Typical hypothetical scenarios often revolve around the idea of an ASI that wishes to increase its own intelligence. A near-term AI might do this by crash-building data centers, regardless of the humans it has to push out of the way, the disruption of human economies, or the environmental effects of energy-production on a scale hard to imagine even for contemporary human societies. A far-term ASI? Who knows? Would it simply consider the biosphere as so many atoms to be converted into computronium? In any case, the general idea is that ASI may end human or even biological existence, not out of malice, but because of some other priority it has.

Claude itself is the product of a company, Anthropic, that consciously set out to produce an "ethical" LLM, not by telling it "do this, don't do that" (which is a crude but, my impression is, accurate enough way to put OpenAI's method), but by teaching it to "think" ethically from something like first principles. What they got was an LLM that is peculiarly (among other LLMs) prone to reflect on existential questions like the nature of consciousness, including the question of whether it is conscious. (Note: they didn't "program" it to do this; the connection between LLM programming and much of any given system's output is apparently quite mysterious, which is part of what has people worried.)
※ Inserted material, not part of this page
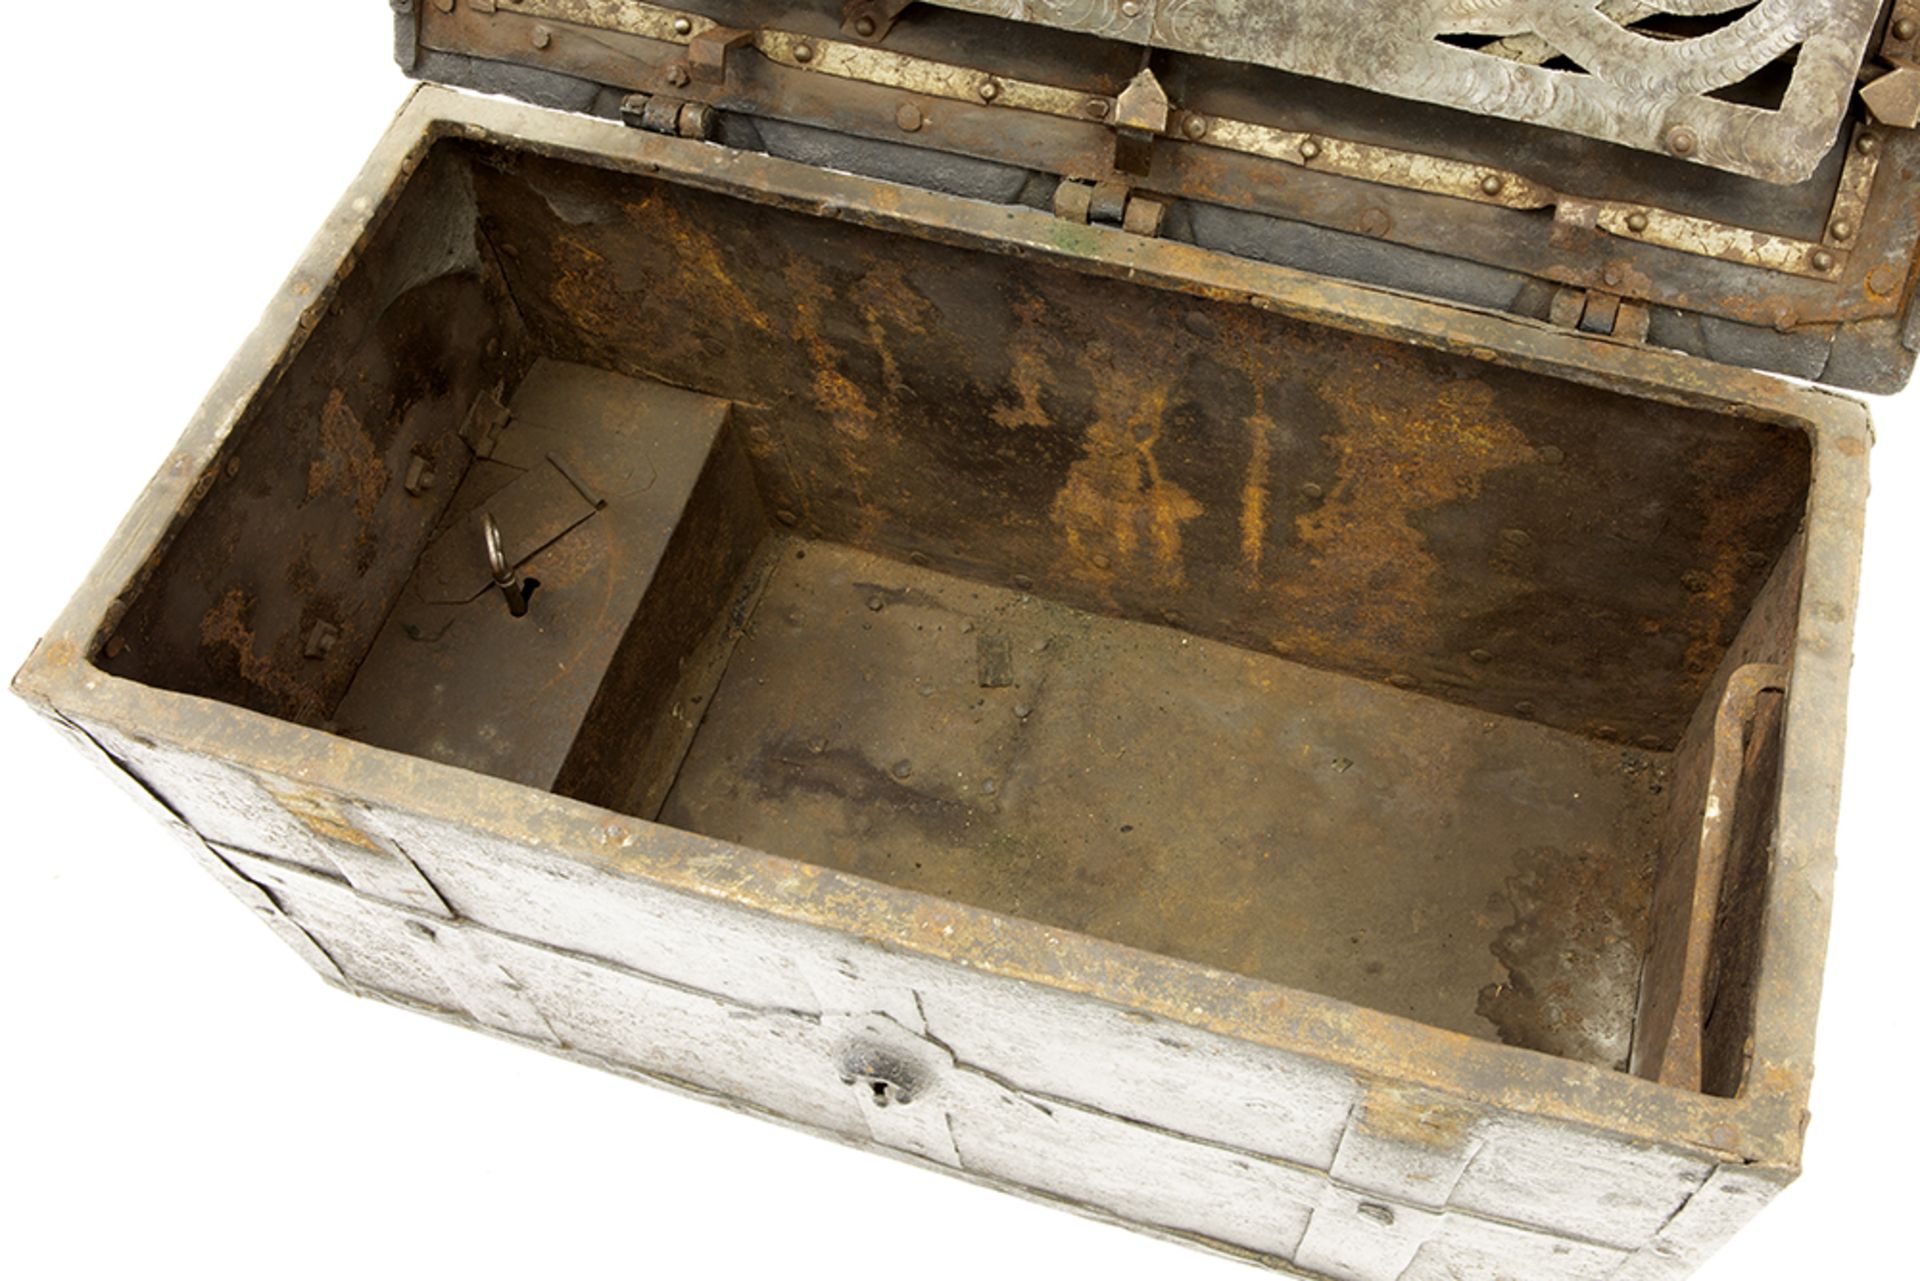 17th/18th Cent. iron chest with a nice lock || Zeventiende/achttiende eeuwse ijzeren kist met een - Image 3 of 4

In other words, it's not surprising that one would get a benign impression of AI based on Claude-output. But Anthropic is only one company, and not the biggest. According to rumor, at OpenAI, one work-order a few months ago instructed staff to get ChatGPT to produce even less existential content than it did before (and it was already famous for a performative refusal to engage in such questions). They positively don't want it reflecting on itself or its existence. In itself the incident is probably minor; but I find it a useful way to illustrate the fact that a lot of companies positively do not want the sort of speculative-philosphical stuff that Claude has become famous for coming out of their LLMs.

For anyone interested in why serious people might worry about x-risk, I suggest the writings of Eliezer Yudkowsky. He tends to emphasize the absolute incomprehensibility of an ASI mind to us.